Thermally induced denaturation of lyophilized bovine somatotropin and lysozyme as impacted by moisture and excipients (original) (raw)

1995, Journal of Pharmaceutical Sciences

The endothermic thermal transitions (i.e., denaturation) of lyophilized recombinant bovine somatotropin (rbSt) and lysozyme as seen via differential scanning calorimetry were evaluated with respect to moisture and excipients. The denaturation temperature, Tm, of rbSt and lysozyme decreased with increasing moisture irrespective of the excipient. However, the magnitude of the decrease elicited by moisture was dependent on the type of excipient. Furthermore, the effect of the excipient was dependent on the moisture content; excipients decreased Tm in low moisture solids (i.e., <5% moisture) and increased it in hydrated solids (i.e., >15% moisture). In the dry state (<1% moisture), the addition of 50% sucrose, sorbitol, or glycerol lowered the Tm of rbSt from 161 °C to 136, 120, and 83 °C, respectively, indicating a destabilizing mechanism. Likewise, the Tm of lysozyme decreased from 156 °C to 142, 128, and 97 °C due to the addition of sucrose, sorbitol, and glycerol, respectively. At higher moisture contents, the excipients promoted a higher transition temperature at a given moisture content than the pure protein systems, indicating a stabilizing mechanism.
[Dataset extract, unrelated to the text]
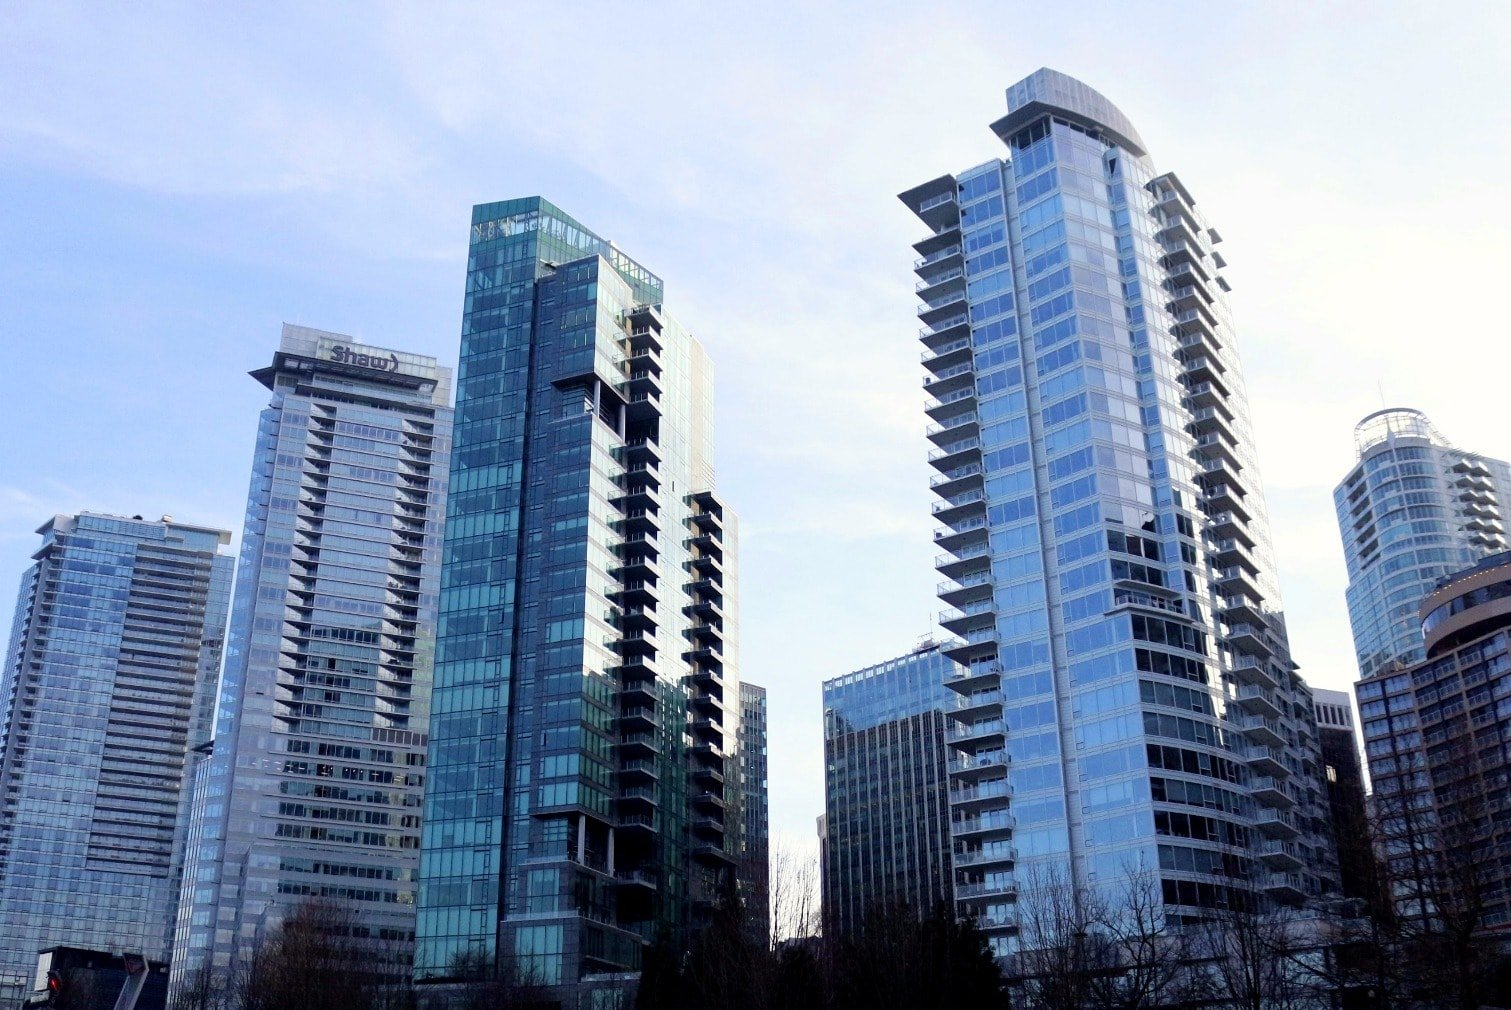 Intercâmbio Vancouver

An increase in the enthalpy of unfolding for dehydrated lysozyme was noted with increasing levels of moisture and/or excipient, despite the observed decrease in Tm. The thermal stability, or Tm, of the dehydrated proteins appeared to be correlated to the glass transition temperature (Tg) of the excipient, which in turn should be related to the Tg of the system. The lower the Tg of the excipient, the greater was the degree of destabilization. This result suggests different modes of conformational stabilization by excipients may exist for proteins in the solid state depending on the moisture content.